CoreGraphics Log Jam

May 5th, 2006

It’s been a while since I’ve complained about Apple in the context of an actual bug report, so here is a little diversion back into “Apple Bug Friday” land.

One of the aspects of Mac OS X programming that can really frustrate traditional Mac OS programmers is the lack of error reporting from many APIs. While traditional Carbon APIs tend to return numeric failure codes when something goes wrong, it’s not unusual for CoreFoundation and related APIs to simply return NULL. What’s the developer to do in this case? The usual argument is that NULL is returned only from functions where a more specific error would not help the programmer convey meaningful information to the user. In other words, if it returns NULL when you don’t expect it to, your computer is either melting down, or you’ve got some debugging to do. Regardless of the validity of this argument, it can be infuriating to look at code that seems perfectly correct, and be clueless as to why it is failing.

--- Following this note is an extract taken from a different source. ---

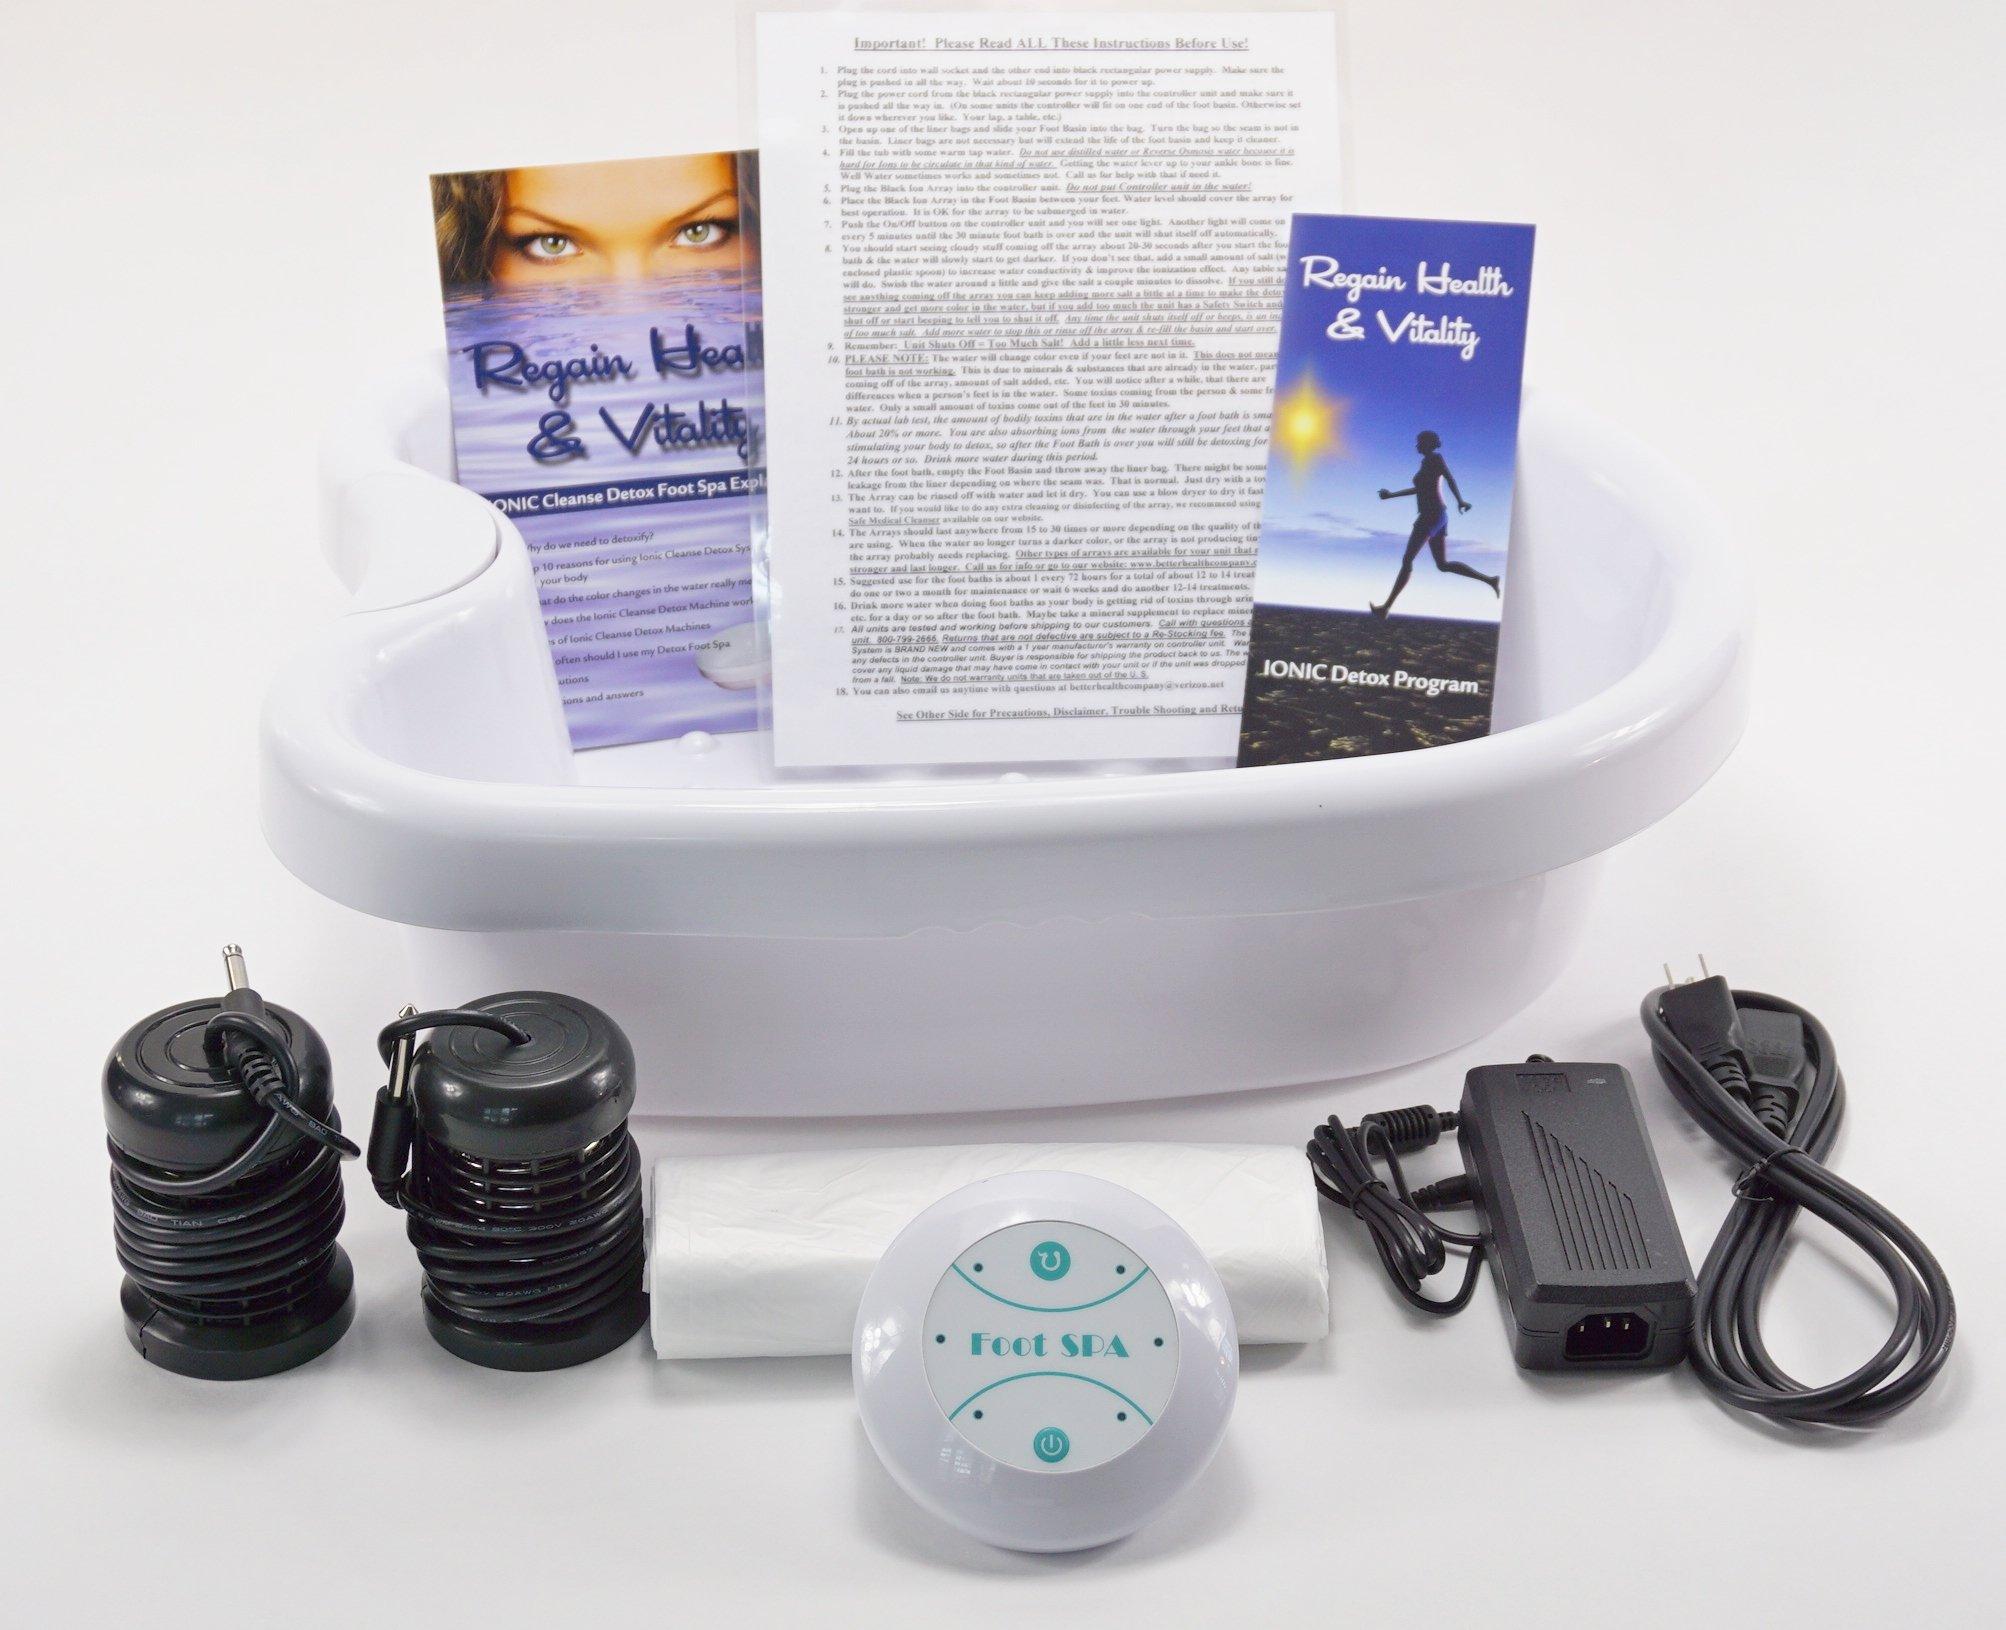 Ionic Cleanse Detox Foot Spa Bath. With Heavy Duty Acrylic Foot Basin. Top Seller

I was chatting with Jonathan Wight when he shared his frustration with the CGBitmapContextCreate function. He was in the midst of debugging just one of these mind-boggling NULL returns. All the parameters looked more or less correct but the function just plain refused to cooperate.

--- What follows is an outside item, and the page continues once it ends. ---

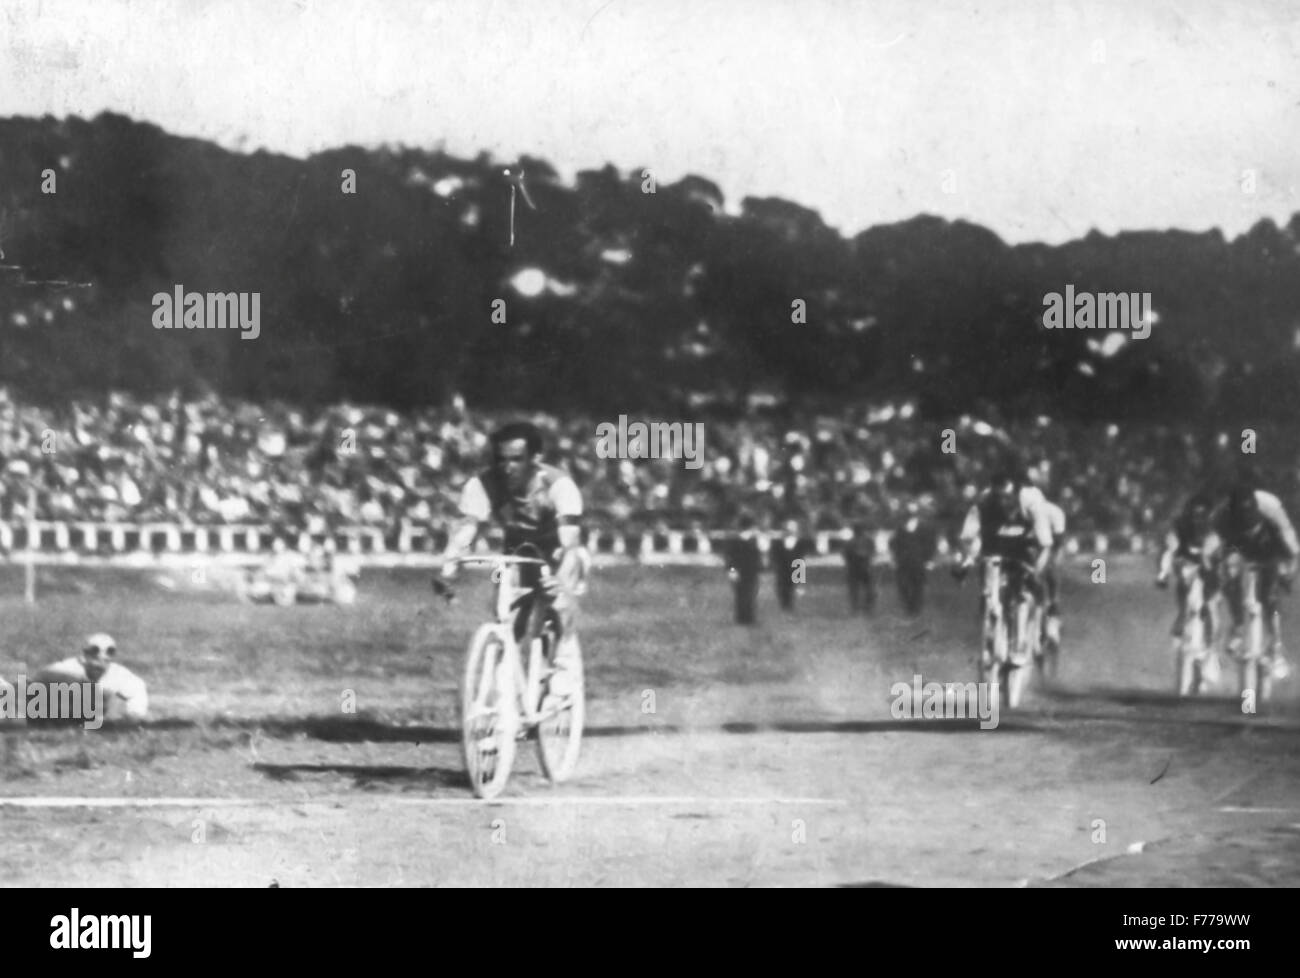 giro d'italia 1919,arena di milano - Stock Image

I guess I was between builds or something because I got interested in the problem. While Jon took the more efficient path of carefully examining the parameters being passed and comparing their values to the documentation’s restrictions, I started traipsing through assembly in Xcode. You know, the fun stuff.

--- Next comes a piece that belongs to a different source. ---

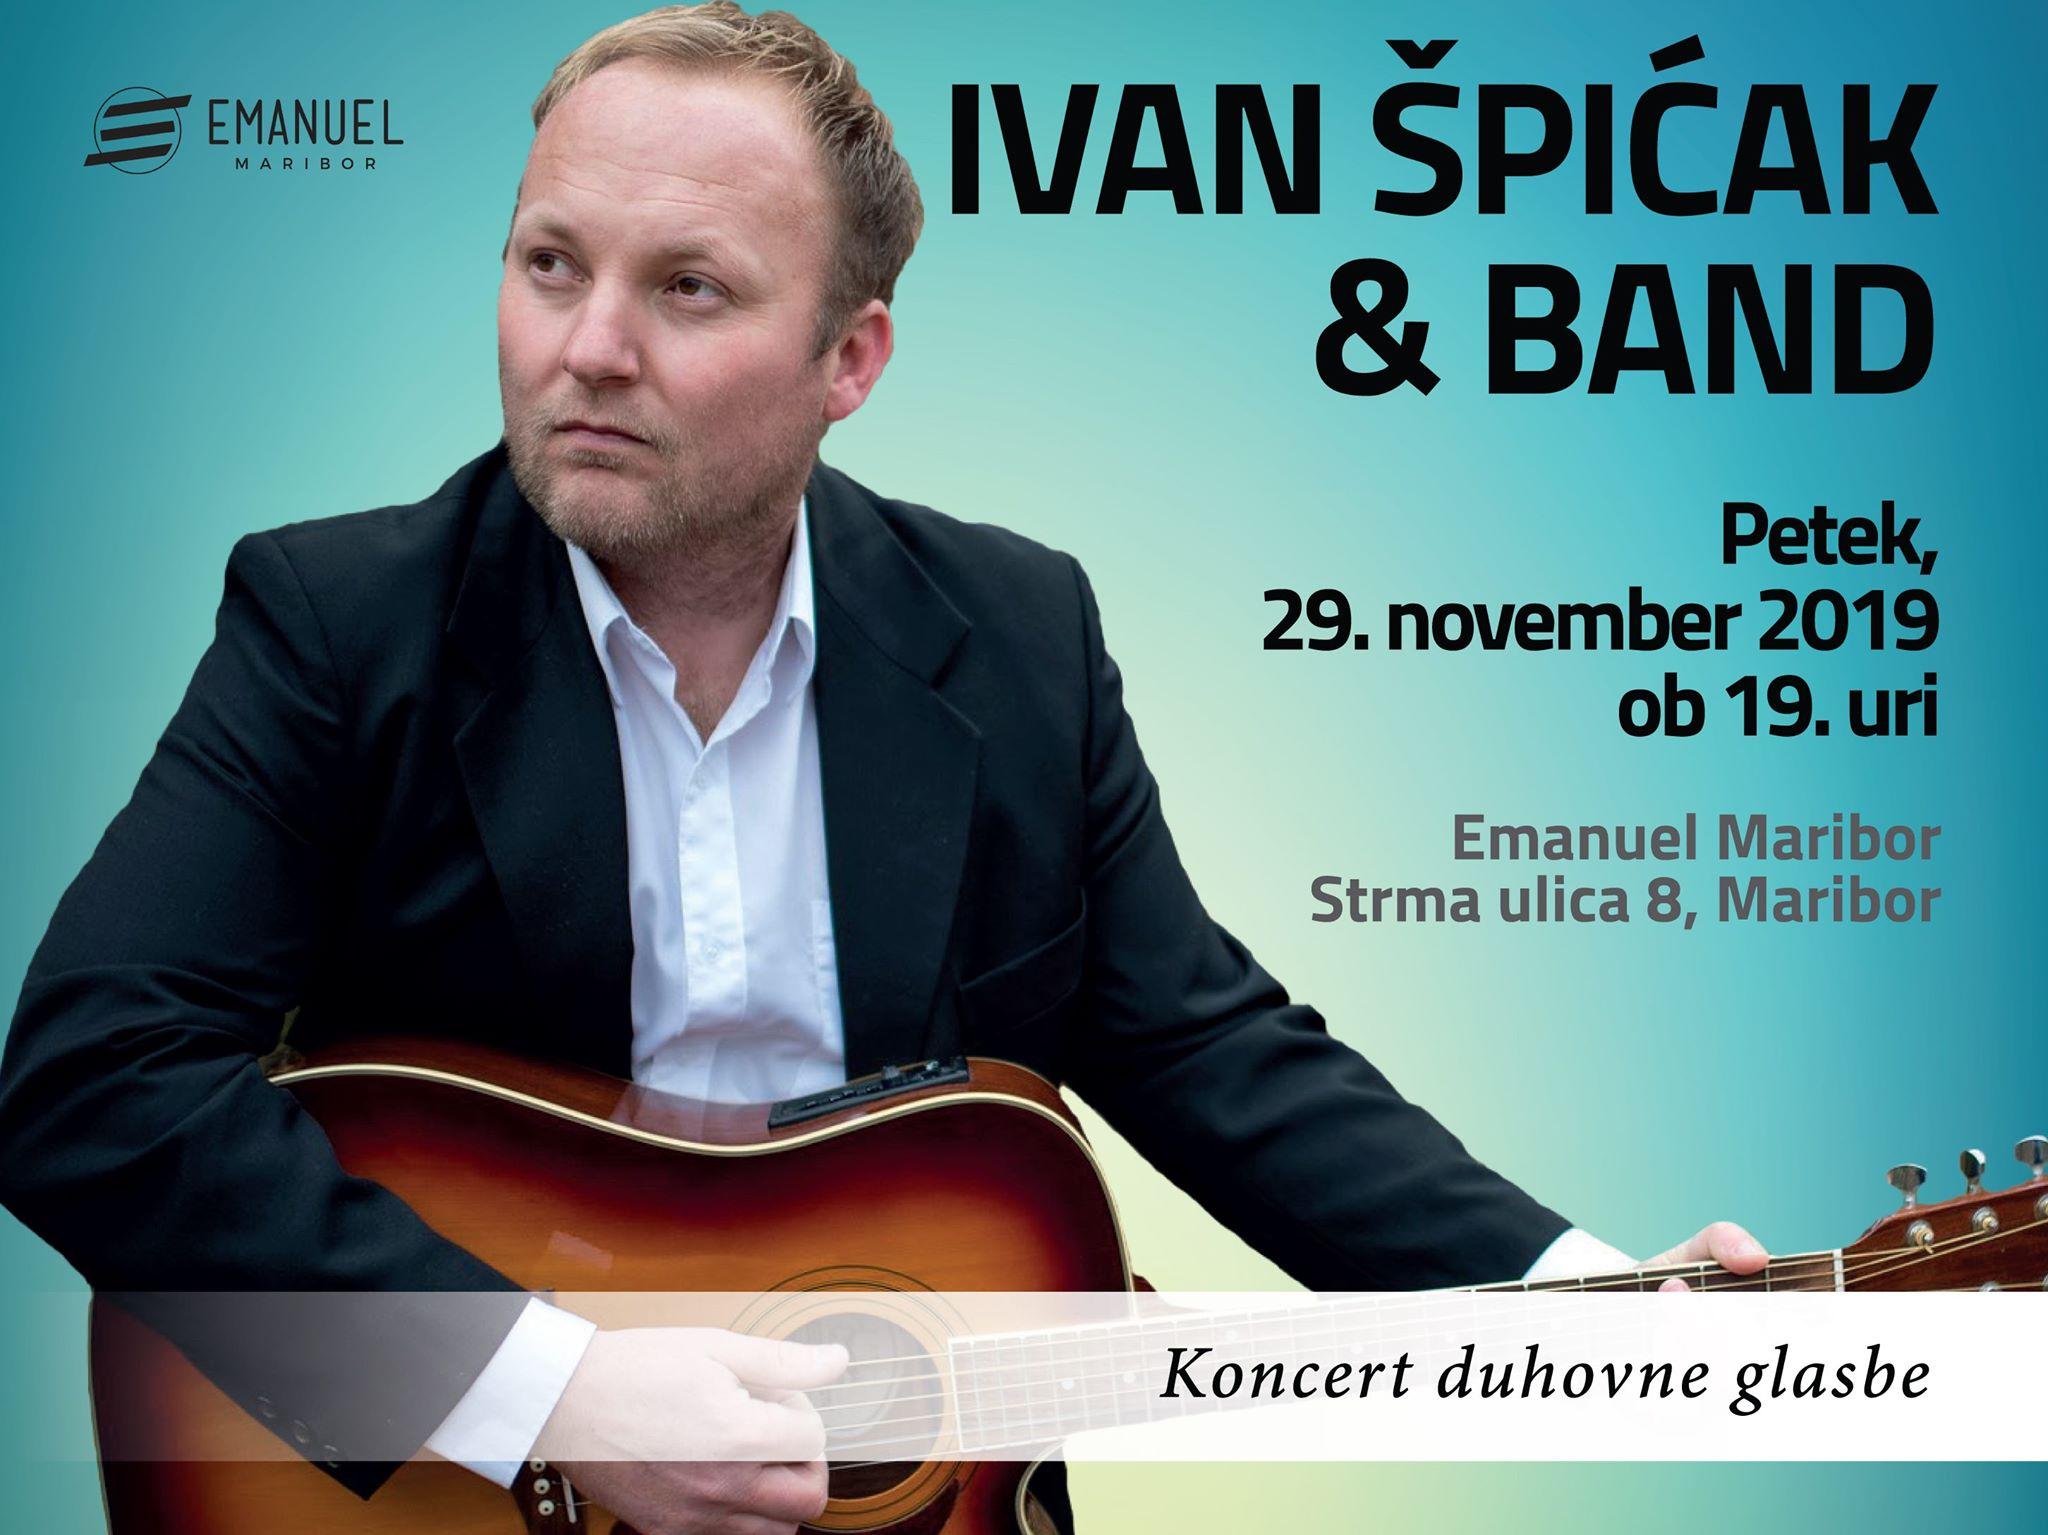 Ivan Špićak & band

Of course, Jon found the answer first. It was a problem with the combination of colorspace and alpha parameters. The limitations are well-documented (if a bit overwhelming) in Apple’s Technical Q&A. In this case, Jon was fetching the values directly from a CGImage that had been loaded from disk. Can’t blame a guy for thinking that maybe a JPG image’s attributes might be suitable for creating a bitmap context!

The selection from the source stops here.